There are different types of charcoal pellets to choose from.
Some are made from 100% charcoal, while others are blended with wood fibers for better consistency.
100% charcoal pellets like those offered by Royal Oak can have up to 40% more energy density than standard wood pellets and are better used in moderation for accenting an established wood pellet fire, rather than as a primary fuel source.
Even as a small amount, these 100% charcoal pellets create potent smoke density to augment a fire that is primarily made up of wood pellets.
Blended wood pellets made by Louisiana Grills, Camp Chef, Pit Boss, and Kingsford incorporate a small percentage of wood fibers with the charcoal dust.
This helps reduce heat control problems while also leaving less unburned ash behind in the Traeger’s firepot.
It makes blended charcoal pellets a better choice for times when you want to use charcoal pellets as your Traeger’s primary fuel source.
Should You Use Charcoal Pellets in a Traeger?
You should only use charcoal pellets in a Traeger in moderation. It’s best to think of them as an accent to a fire that is primarily supported by high-quality wood pellets.
Charcoal pellets offer an intense smokiness, so a little goes a long way.
Using only a modest amount also reduces the amount of particulate matter in the auger shaft and hopper.
You should also note that pound for pound 100% pure charcoal pellets have 40% more energy output than standard wood pellets.
You will need to compensate for this when it comes to heat control.

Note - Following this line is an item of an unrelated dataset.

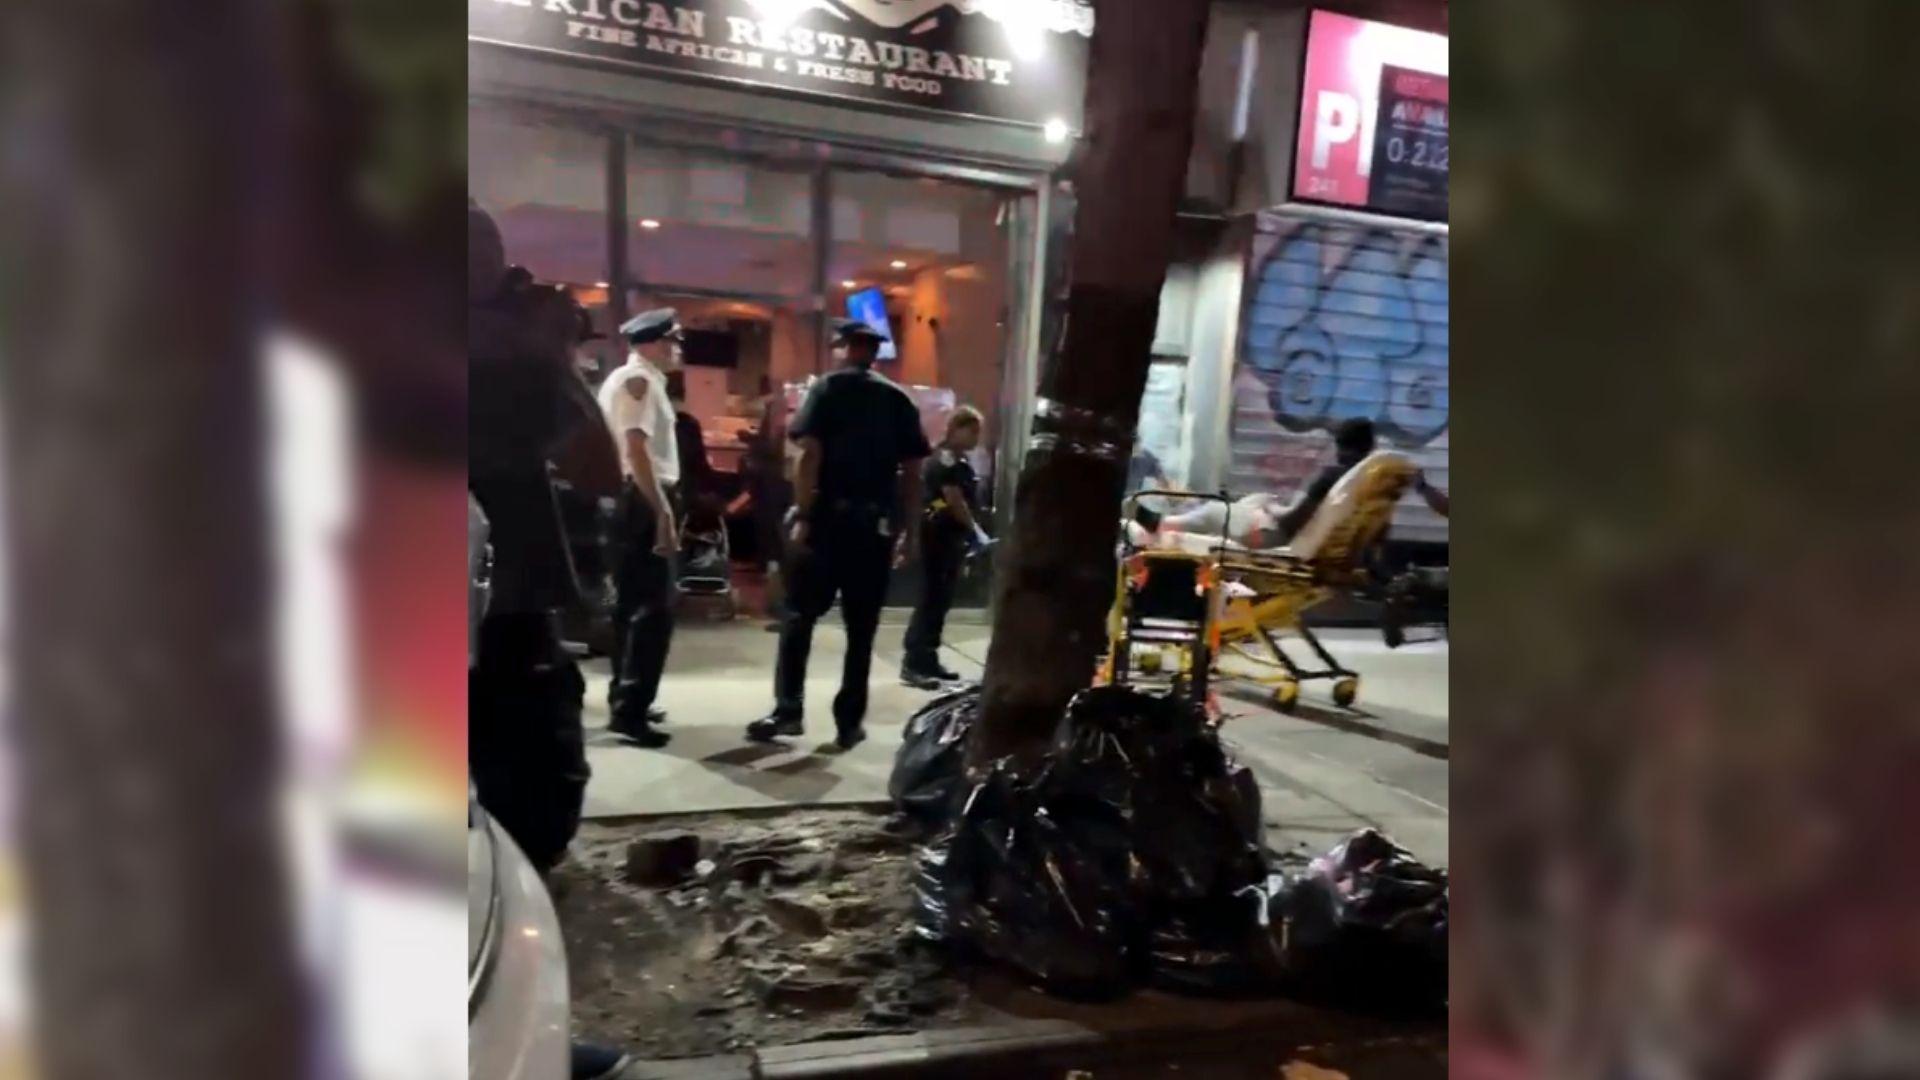 Teen shot in leg in Harlem

An overly hot flame can easily damage sensitive internal components in a Traeger wood pellet grill.
What Charcoal Pellets Can Be Used in A Traeger?
Blended charcoal pellets with a small amount of hardwood fiber bound with the charcoal material tend to work better in a Traeger wood pellet grill, where you will be burning just charcoal pellets.

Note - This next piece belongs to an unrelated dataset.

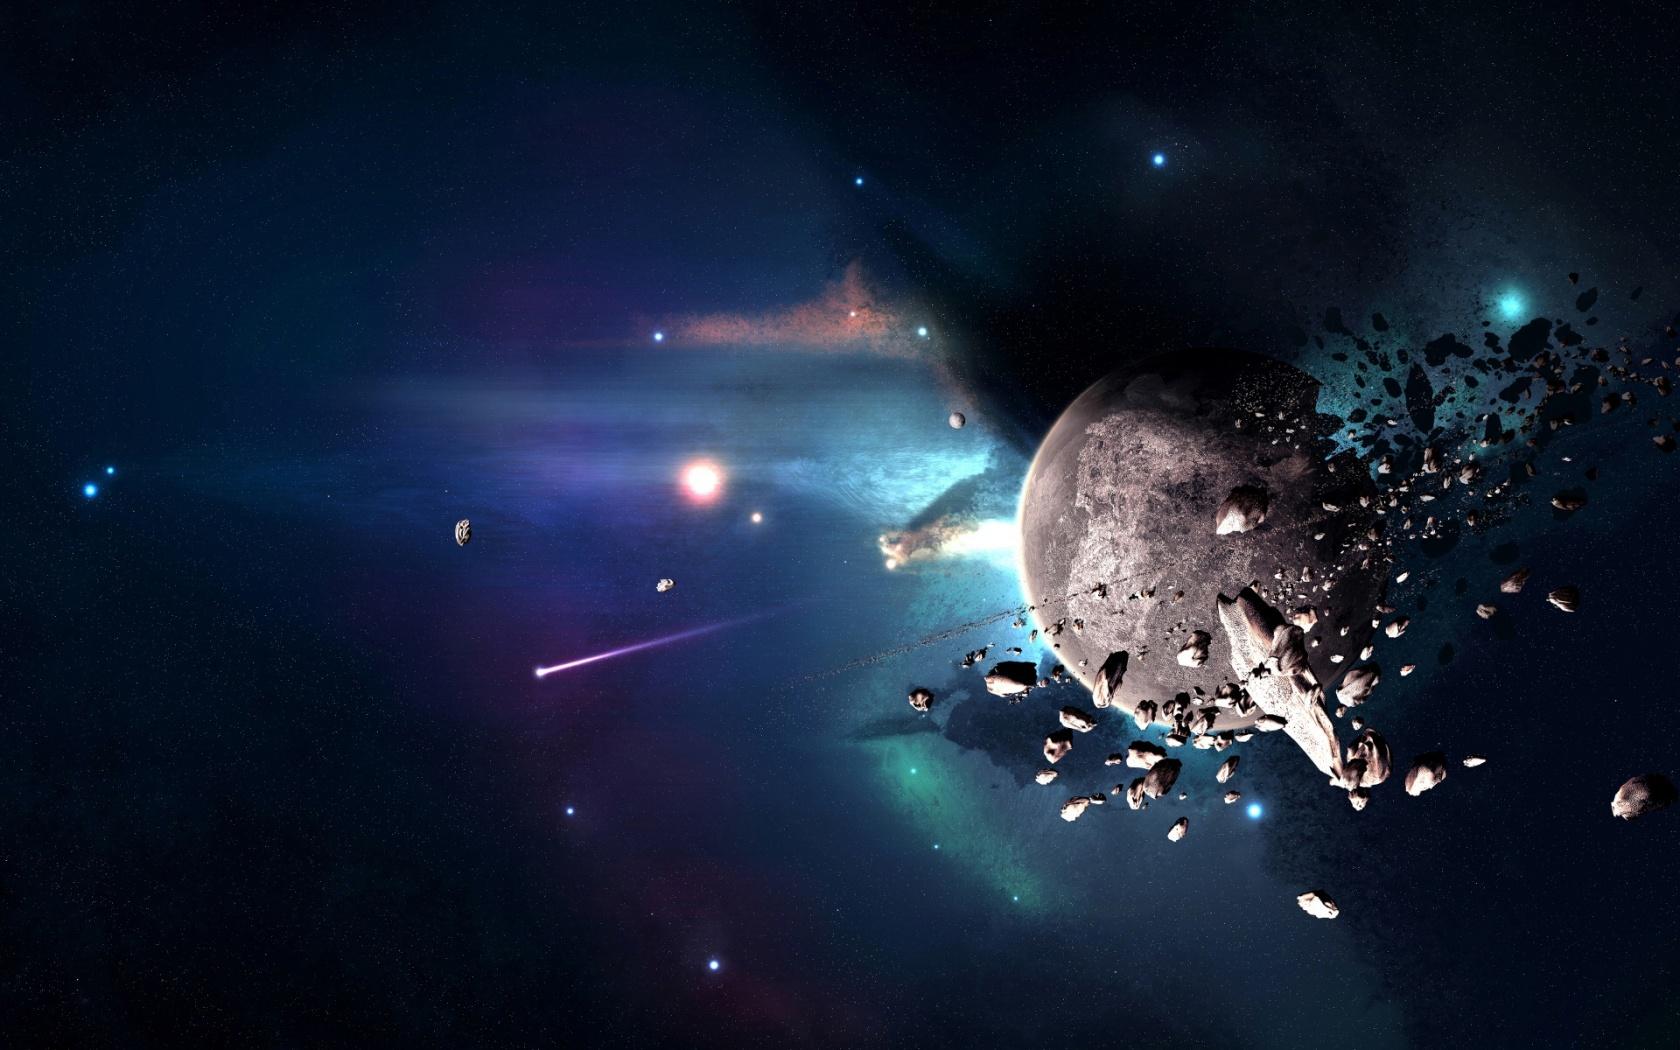 Popular Wallpaper Music Space - space_debris-1680x1050  Photograph_67726.jpg

Whereas 100% charcoal pellets are better used for adding a charcoal accent to a largely wood pellet fire.
Though different brands have different characteristics to consider.
100% pure charcoal pellets from brands like Royal Oak have up to 40% more energy potential than standard wood pellets.

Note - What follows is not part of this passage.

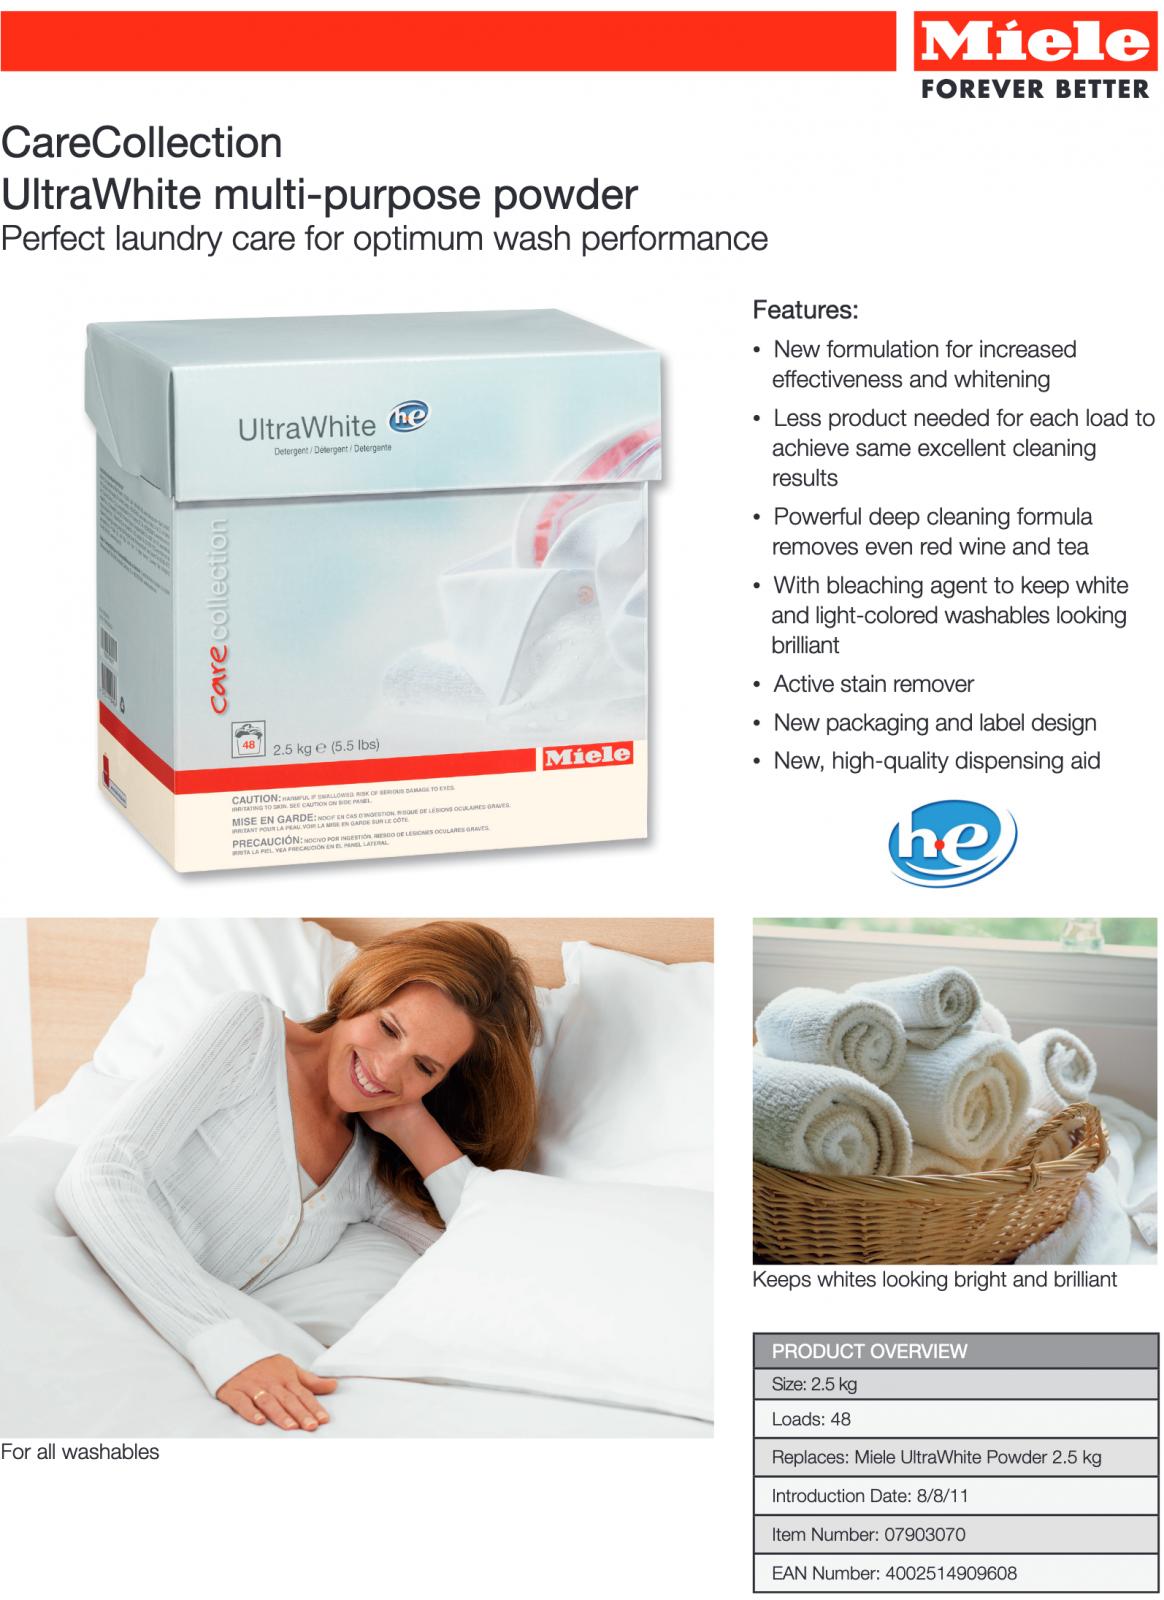 CareCollection UltraWhite multi-purpose powderPerfect laundry care for optimum wash performance

This can lead to thermal control issues, high-heat burn backs in the auger shaft, and even damage to a Traeger grill’s sensitive internal components.
This makes 100% pure charcoal pellets better served as an accent to a standard wood pellet fire.
Blended wood pellets from brands like Louisiana Grills, Camp Chef, Pit Boss, and Kingsford do burn a little hotter than standard wood pellets, but not with such damaging heat control issues.
They also tend to leave less unburned ash behind in the fire pot and less particulate matter in the auger shaft.
This makes them the better choice for times when you want to use charcoal pellets as the primary fuel in your Traeger grill.
Charcoal pellets offer some strong smoky flavors when they are used in a Traeger grill.
Though you have to be wise about the type of charcoal pellets you choose and how you use them.
100% pure charcoal pellets like you get from Royal Oak burn up to 40% hotter than typical wood pellets.
This can lead to serious thermal control issues.
They also have a lot more chemical binders and potential fillers that can leave unburned ash in your Traeger’s fire pot and increase the risk of burn back occurring in the auger shaft.
All of these factors make 100% charcoal pellets a better choice for accenting an established wood pellet fire, rather than a primary fuel source.
The potency and smoke density of the charcoal will go a long way with just a small volume added to the wood pellet hopper.
Blended wood pellets offered by brands like Louisiana Grills, Camp Chef, Pit Boss, and Kingsford mix in a portion of wood fibers with the charcoal.
This reduces the risk of thermal runaway and leaves less unburned ash behind in the Traeger’s firepot.
This makes them the better choice for times when you want to use charcoal pellets as your Traeger’s primary fuel source.
This article was written by Robert McCall, the founder of bbqdropout.com. Robert also owns and operates the BBQ dropout YouTube channel where he demonstrates his first-hand experience cooking all kinds of meats and strives to provide helpful, authoritative content for people looking how to barbecue.